Most film image signals include 24 fps to show movies, whereas image signals include 30 fps according to an NTSC specification. Thus, film image signals must include 30 frames (or 60 field/sec) so as to apply them to an NTSC specification format.
FIG. 1 is a diagram for explaining a conventional frame rate converting method from a 24 fps digital image signal to a 30 fps digital image signal. Referring to FIG. 1, new frames F1′ through F4′ are generated by coping given frames F1 through F4. An interpolation frame Fi is generated by applying the given frames F2 and F3 to motion compensation having a certain rate. In more detail, a motion compensated frame by half a motion vector in a direction from the second frame F2 to the third frame F3 and a motion compensated frame by half a motion vector in a direction from the third frame F3 to the second frame F2. The combined frame is inserted into the interpolation frame F1 between the second frame F2 and the third frame F3.

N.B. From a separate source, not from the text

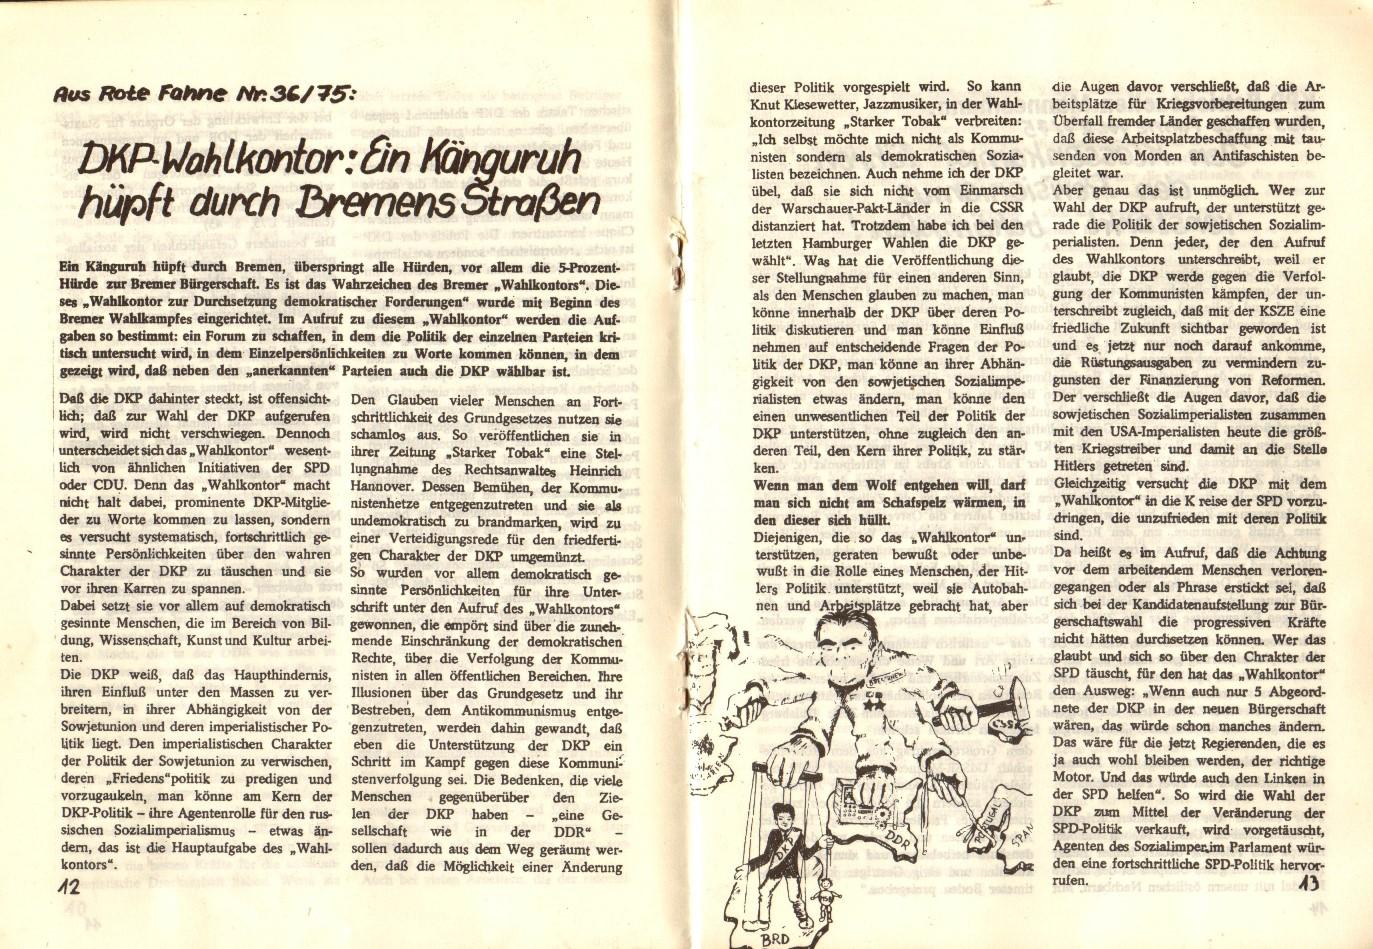 NRW_AO_1975_UZ_Sprachrohr_der_Kremlzaren_09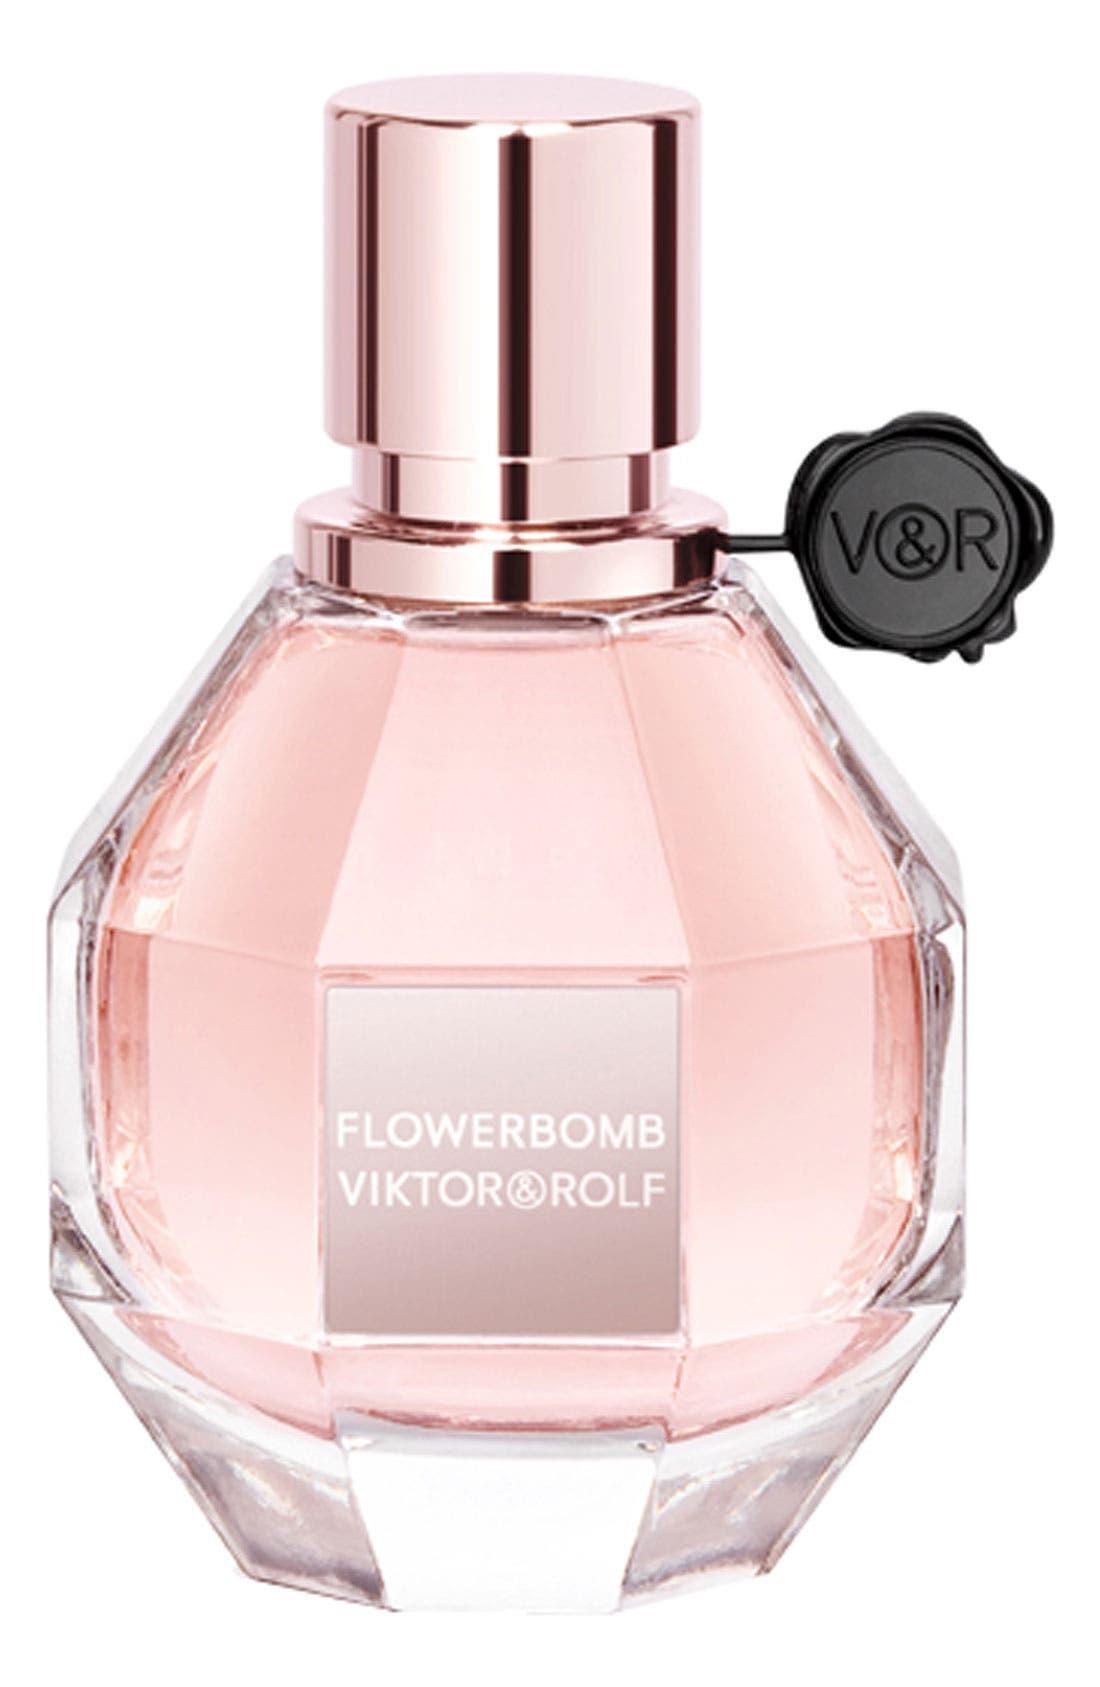 VIKTOR&ROLF Flowerbomb Eau de Parfum Spray, Main, color, NO COLOR

In this regard, when sub-pixel motion estimation is used to interpolate an image or a frame, an interpolation area obtained by the motion compensation from a previous or next frame is slightly different from a substantial interpolation area.
In more detail, a pixel that is to be interpolated is obtained from a pixel of previous and next frames by dividing a motion vector value obtained by the motion estimation at a certain rate. The divided motion vector value is an integer value or a decimal value. If the motion vector value is not the integer value as shown in FIG. 2 that is a diagram for explaining a conventional image interpolation method, the pixel that is to be interpolated obtains, from the previous and next frames, a value containing a decimal point.
However, since a corresponding pixel is not substantially included in the previous and next frames at a location x of the motion vector that contains the decimal point, the interpolated pixel is obtained from four pixel values P1 through P4 around the location x of the motion vector by performing a well-known linear or non-linear operation.
However, the four pixels P1 through P4 correspond to values located in an integer part, and a sub-pixel value of the location x of the motion vector corresponds to a value located in a decimal part. Thus, an image detail difference occurs when the values located in the integer and decimal parts are compensated.
The conventional pixel interpolation method low-passes a frequency component of a pixel by performing the linear or non-linear operation, causing blurring. That is, an interpolation pixel according to the size of a motion vector and a motion compensation rate of previous and next frames may lose a high frequency component.